You will lead compliance activities including process development, audits and inspections for Patient Access. Responsible for strategic planning, implementation and management of continuous improvements, training and best practices to ensure regulatory compliance and consistency for Takeda Patient Access programs. Responsible for providing day-to-day compliance and process oversight of Patient access programs and initiatives.

You will report to the Head of Patient Access, Global Medical.

How you will contribute:

  • Lead the development, update, maintenance, and implementation procedural documents, processes and templates managed by Patient Access

  • Develop, coordinate, and oversee training for Patient Access processes and procedures

  • Drive process enhancement and continuous improvement initiatives in Patient Access

  • Lead regulatory inspections and audit support for Patient Access, including managing pre-inspection/audit document requests, ensuring accurate timely delivery of document

  • Contribute to the development of robust responses and CAPAs to inspection/audit findings for Patient Access. Coordinate and support the tracking of corrective actions for inspection/audit findings related to patient access, ensuring timelines are met

  • Lead the planning and execution of global tracking and maintenance of Patient Access programs, and ensure entry and accuracy

  • Responsible for the development of the Patient Access monthly report and communication with stakeholders regarding monthly update of Patient access information

  • Responsible for updating and maintaining the Patient access Regulatory Strategy Database and country-specific educational materials

  • Maintains awareness of worldwide Regulatory guidance and support the implementation of best practices related to Patient Access across Takeda

  • Responsible for the review and update of Patient Access information in the Pharmacovigilance System Master File (PSMF), ensuring completeness and accuracy

  • Collaborates closely with cross-functional, global and local teams to ensure compliance and consistency in the execution of Patient Access programs across Takeda

  • Responsible for monitoring and maintenance of the Global Patient Access mailbox and maintaining SharePoint sites

Minimum Requirements/Qualifications:

  • PhD, PharmD with 8+years; MS with 12+ years; BS with 14+ years experience or related experience in clinical research or expanded access in the pharmaceutical industry or CRO

  • Previous experience with leading compliance and process improvement initiatives.

Desired:

  • Advanced degree in a Health science field

  • Previous experience working in expanded access

More about us:

At Takeda, we are transforming patient care through the development of novel specialty pharmaceuticals and best in class patient support programs.
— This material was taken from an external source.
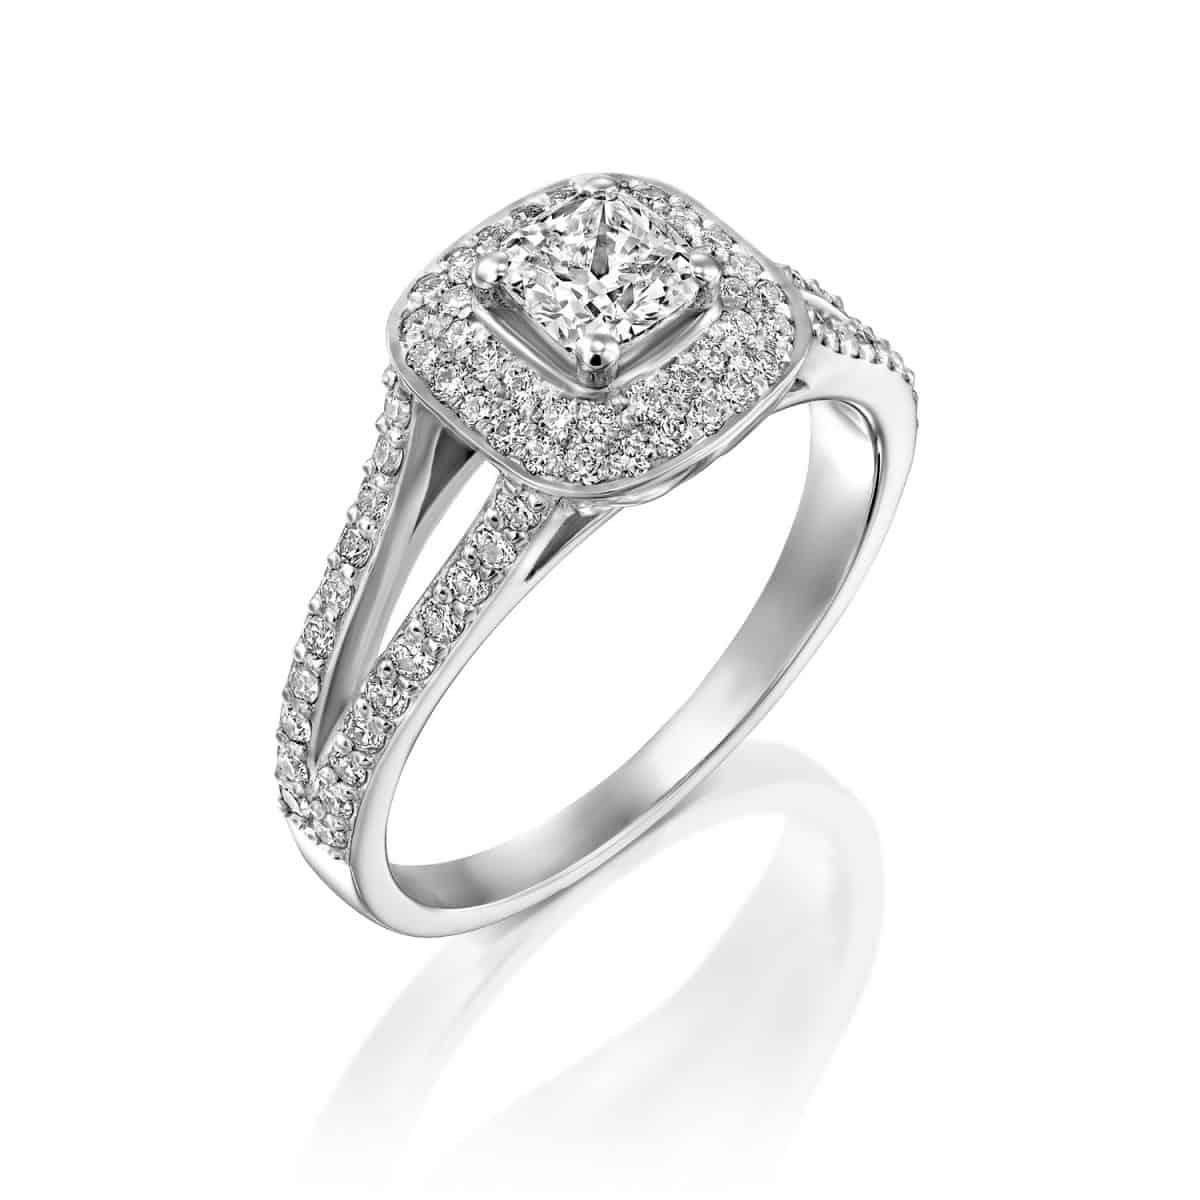 "1.41 carat diamond engagement ring ""Alexis"""

Takeda is a patient-focused company that will inspire and empower you to grow through life-changing work.

Certified as a Global Top Employer, Takeda offers stimulating careers, encourages innovation, and strives for excellence in everything we do. We foster an inclusive, collaborative workplace, in which our teams are united by an unwavering commitment to deliver Better Health and a Brighter Future to people around the world.

This position is currently classified as "hybrid" in accordance with Takeda's Hybrid and Remote Work policy.

#LI-Hybrid

Takeda Compensation and Benefits Summary

We understand compensation is an important factor as you consider the next step in your career. We are committed to equitable pay for all employees, and we strive to be more transparent with our pay practices.

For Location:

USA - MA - Cambridge - Kendall Square - 500

U.S. Base Salary Range:

$149,100.00 - $234,300.00

The estimated salary range reflects an anticipated range for this position. The actual base salary offered may depend on a variety of factors, including the qualifications of the individual applicant for the position, years of relevant experience, specific and unique skills, level of education attained, certifications or other professional licenses held, and the location in which the applicant lives and/or from which they will be performing the job. The actual base salary offered will be in accordance with state or local minimum wage requirements for the job location.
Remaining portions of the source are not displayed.